Social Security's finances face regular scrutiny because the trust funds that support the massive retirement and disability program are projected to run out of money by 2036, unless Congress acts to shore up the program. At that point, Social Security would collect enough in payroll taxes to pay about 75 percent of benefits.
Social Security administers the Supplemental Security Income program, but it is financed separately, by the government's general revenues. Reducing overpayments by SSI could save taxpayers billions, but it would not affect the finances of the larger retirement and disability programs.

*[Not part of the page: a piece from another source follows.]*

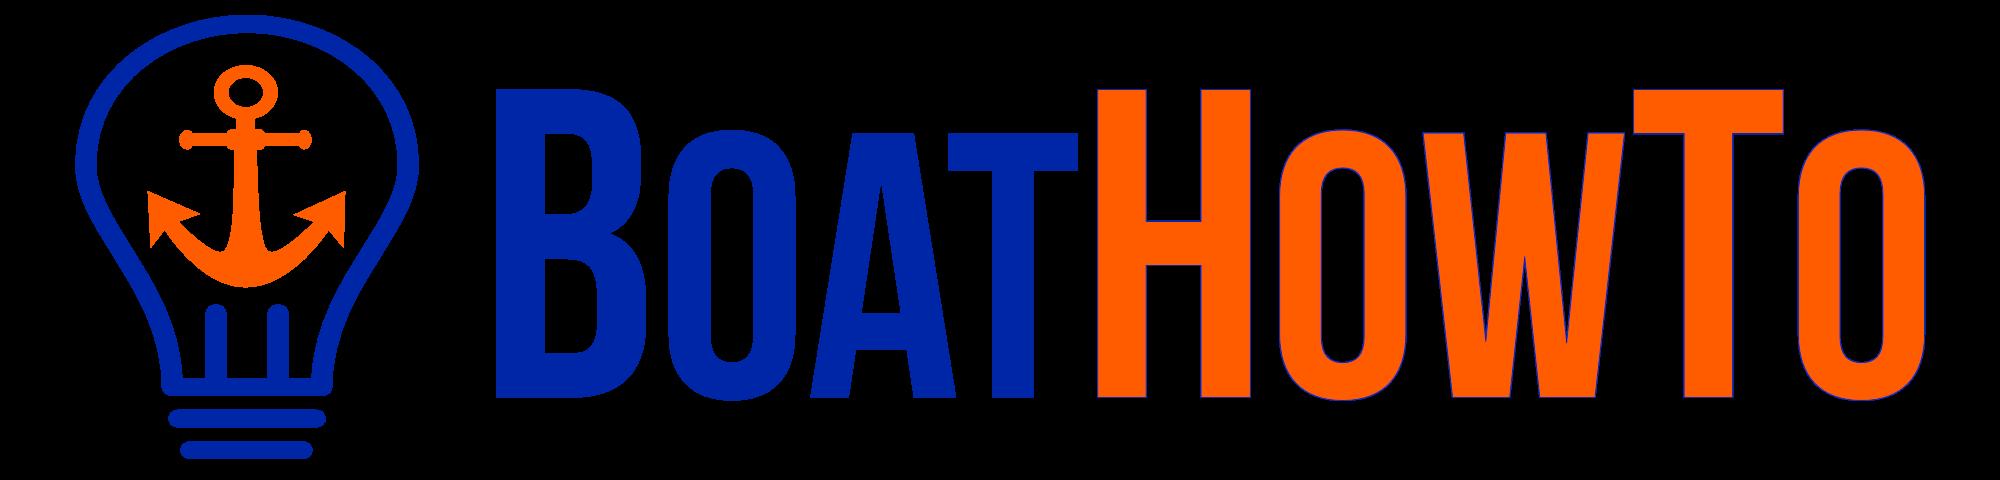 BoatHowTo Logo
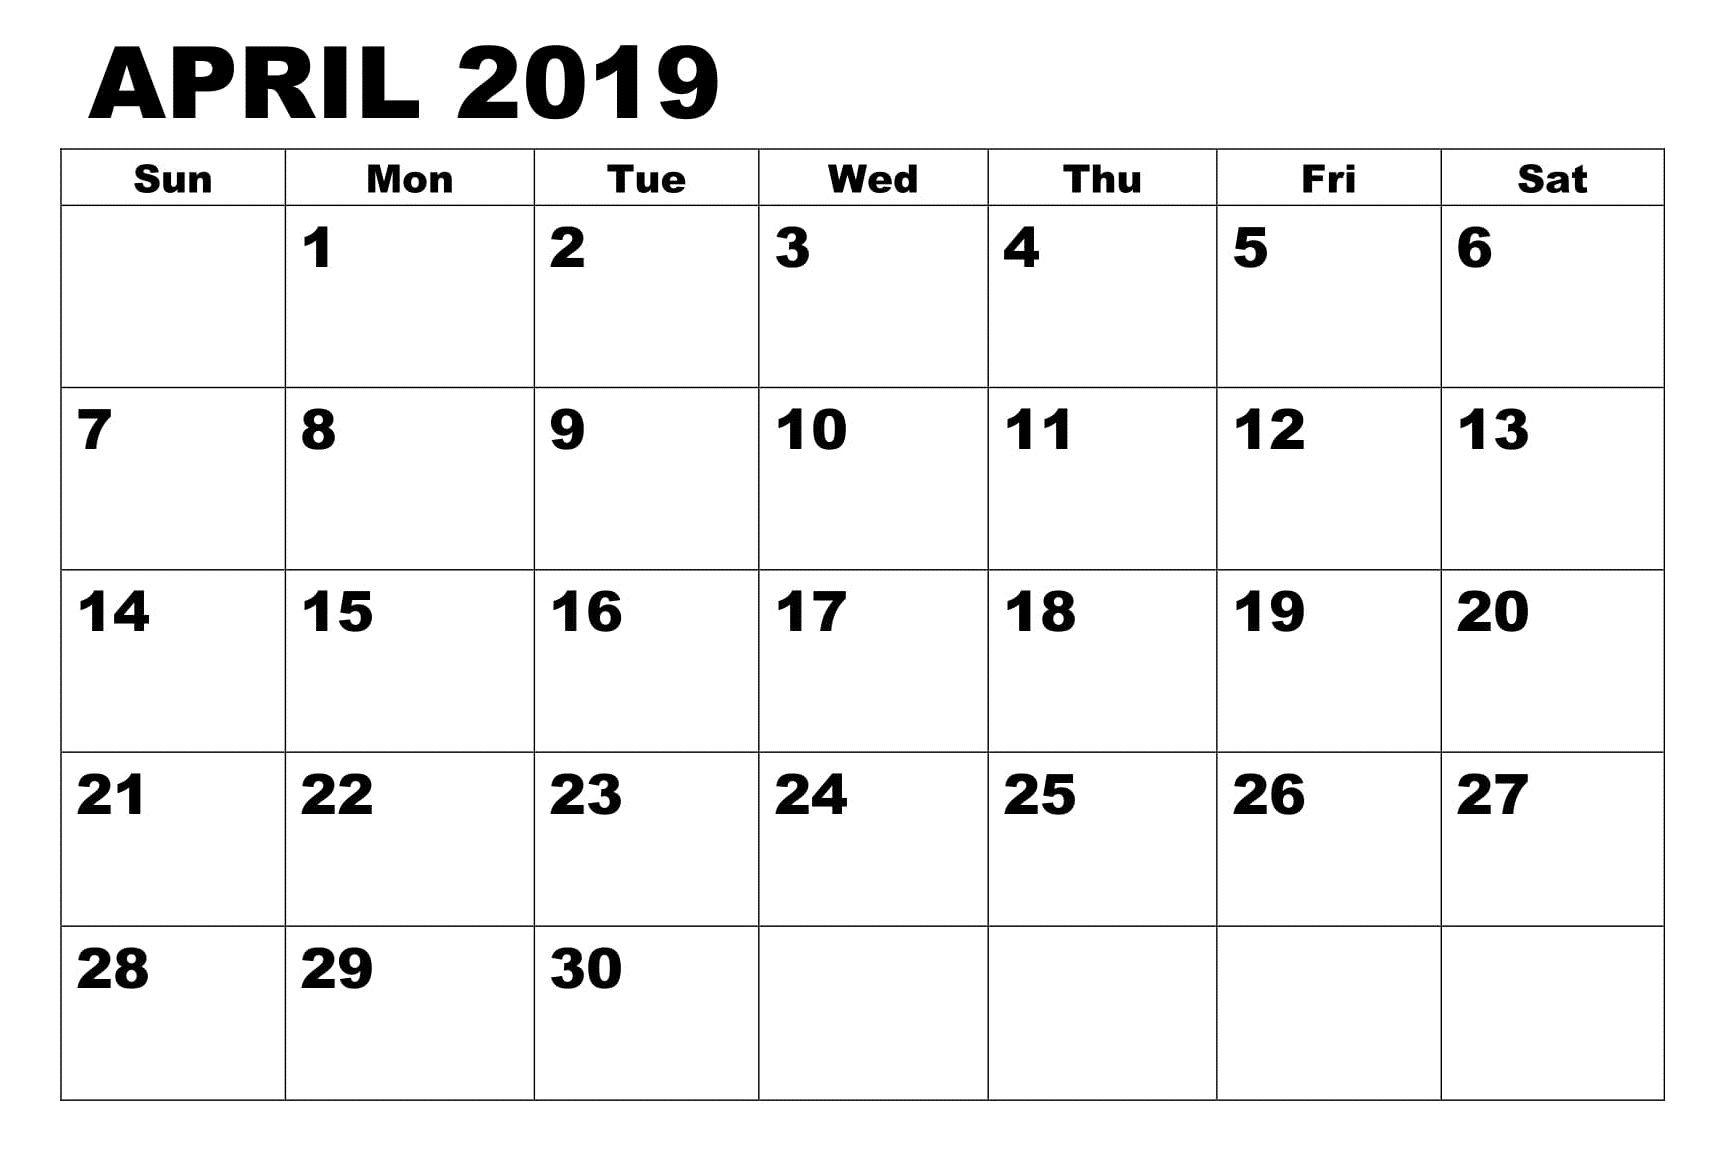 Lunar Calendar For April 2019 Printable PDF Blank Download.

About 99.5 percent of all retirement and disability payments were accurate in 2009, O'Carroll said. In all, the agency made $660 billion in retirement, survivor and disability payments in 2009, including an estimated $2.5 billion in overpayments and $600 million in underpayments, O'Carroll said.
"While we are justifiably proud of our consistently high accuracy rate for (retirement, survivors and disability) payments, we recognize our responsibility to maintain and improve our performance," Colvin said.
She said policing the Supplemental Security Income program is more difficult because benefits can change each month based on changes in income and living arrangements. To qualify for the program, beneficiaries must be 65 or older, blind or disabled, and have very limited resources.
Couples can own a maximum of $3,000 in assets, including cash, stock, second vehicles and personal property. Homes and primary vehicles are excluded.
In 2009, the Supplemental Security Income program made payments totaling $48.3 billion, including an estimated $4 billion in overpayments and $800 million in underpayments.
O'Carroll said most of the overpayments went to people who didn't report all the property they owned.
Democrats complained that the agency's efforts to reduce overpayments are not adequately funded.
"My colleagues seem to be ignoring the elephant in the room _ you get what you pay for," said Rep. Xavier Becerra of California, the top Democrat on the House Ways and Means subcommittee on Social Security. "Today's hearing should really be about examining the reckless and indiscriminate cuts imposed on Social Security's operations which, the evidence shows, could lead to less precision and efficiency in processing claims and benefits for seniors and the disabled."
The current budget for all federal agencies was negotiated by Obama and leaders from both parties in Congress, though many Democrats have been critical of some cuts.